# P & H ?????



## fulsom56 (Sep 18, 2015)

Took a ride on my Harley today with camera in tow with the thought of doing some research on the real railroads for my model R.R. So I checked out the yards in Horicon, Wi. & found this loco. parked on a siding. Now I'm new to model railroading so what diesel is this & did you ever hear of P & H?


----------



## fulsom56 (Sep 18, 2015)

I guess it didn't take much research on my part to see that it's an EMD SD45.


----------



## cv_acr (Oct 28, 2011)

That's big power for an elevator switcher.

P&H is Parrish & Heimbecker, a large grain company with elevators across the country.

The "PHLX" under the locomotive's cab is its reporting mark - which uniquely identifies the owner. Note that anything ending in "X" is a private owner, not a railway.

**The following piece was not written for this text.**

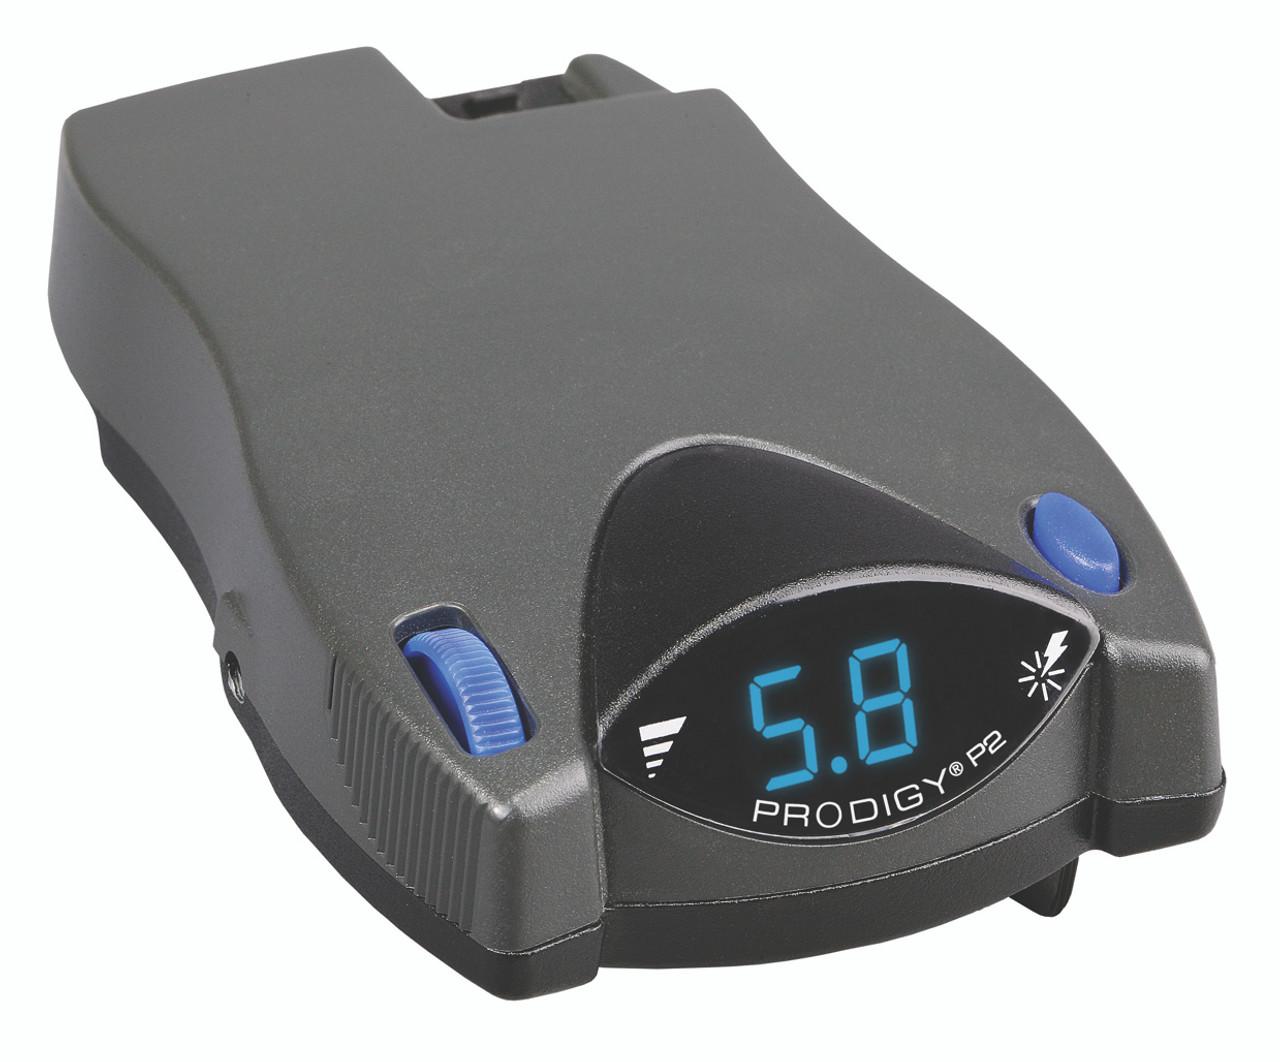 90885 --- Tekonsha Prodigy P2 Proportional Brake Controller - 2, 4, 6 & 8 Brake Systems

Edit - actually your close-up cropped photo of the logo shows the company's name quite clearly...


----------



## fulsom56 (Sep 18, 2015)

cv_acr said:


> That's big power for an elevator switcher.
> 
> P&H is Parrish & Heimbecker, a large grain company with elevators across the country.
> 
> ...


Thanks Chris for the info., did not know about private ownership.


----------



## Peter Herron (Jun 30, 2015)

*JFGI it!*

http://www.parrishandheimbecker.com/home

If it ain't on the internet, it doesn't exist!!

Peter


----------



## Old_Hobo (Feb 20, 2014)

Unfortunately, here are also things on the internet that do NOT exist....


----------



## Peter Herron (Jun 30, 2015)

*But not the other way around!!*



Old_Hobo said:


> Unfortunately, here are also things on the internet that do NOT exist....


LOL.

Peter


----------